SUPPLIED ENTRIES:
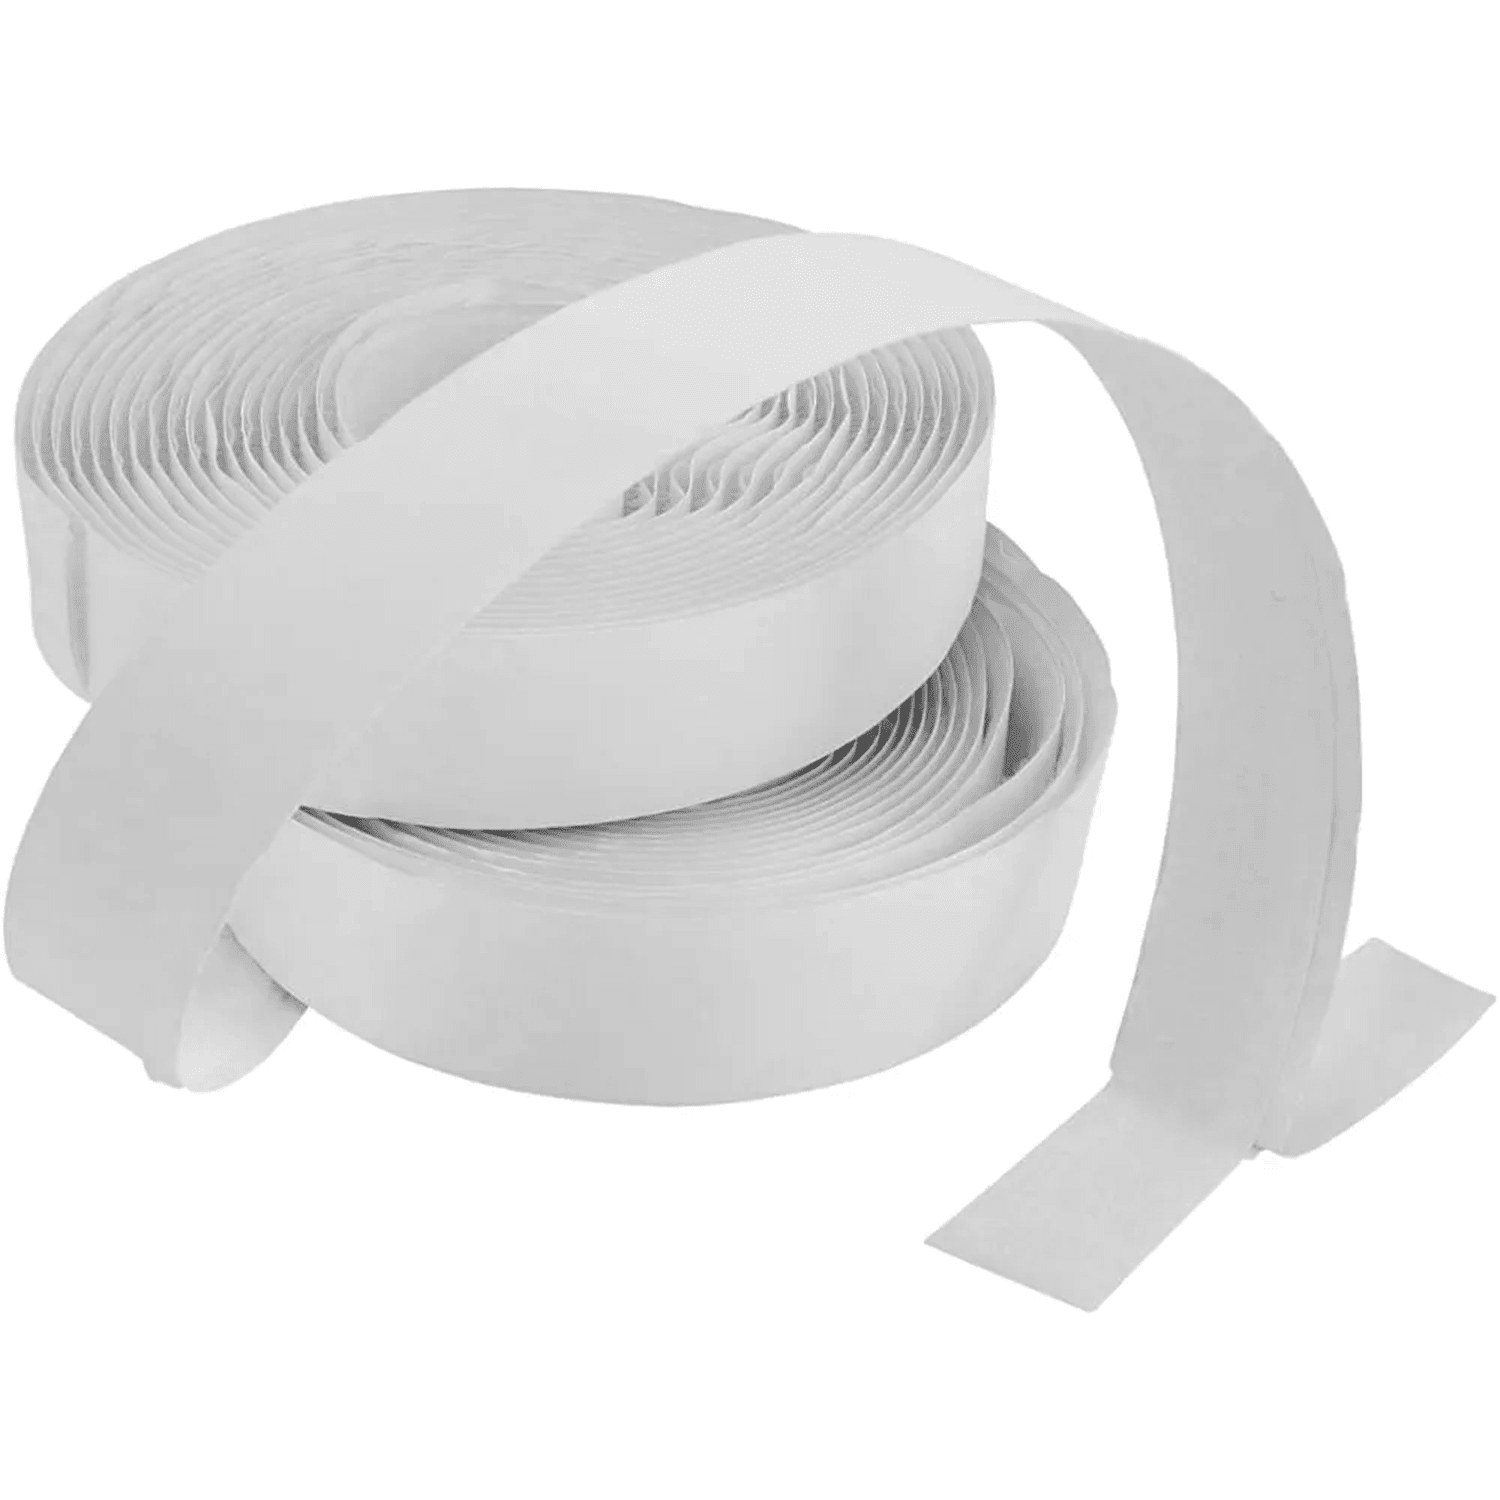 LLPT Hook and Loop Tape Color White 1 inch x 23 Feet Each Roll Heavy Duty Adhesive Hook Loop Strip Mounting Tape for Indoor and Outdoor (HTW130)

...

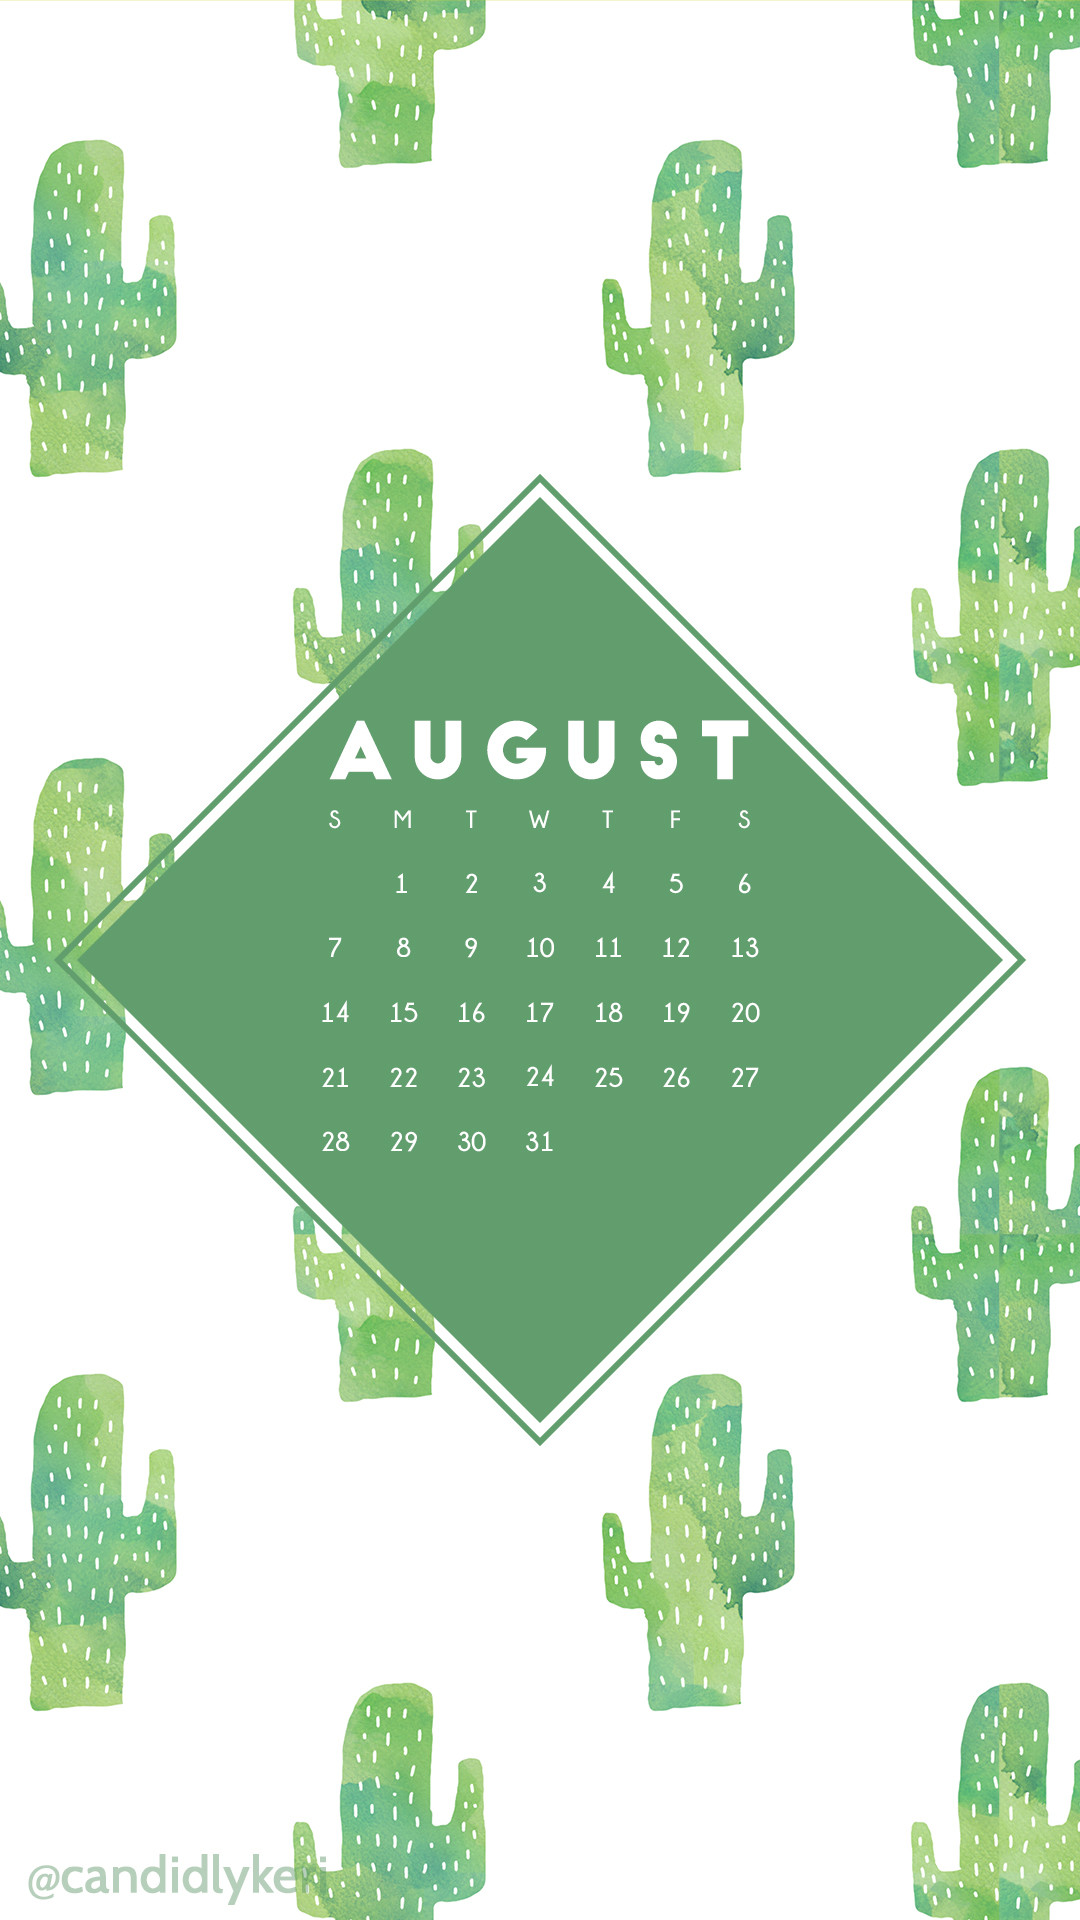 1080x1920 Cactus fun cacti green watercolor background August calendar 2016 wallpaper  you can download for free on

...

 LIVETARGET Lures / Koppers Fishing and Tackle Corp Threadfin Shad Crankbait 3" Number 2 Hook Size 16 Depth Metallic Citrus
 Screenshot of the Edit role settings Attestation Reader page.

ASSIGNED TASK: Return the span of lines in the data above that opens at the line with "LIVETARGET Lures /" and closes at the line with "Screenshot of the", exactly, ends included, nothing else.

SOLVED PROBLEM:
 LIVETARGET Lures / Koppers Fishing and Tackle Corp Threadfin Shad Crankbait 3" Number 2 Hook Size 16 Depth Metallic Citrus
 Screenshot of the Edit role settings Attestation Reader page.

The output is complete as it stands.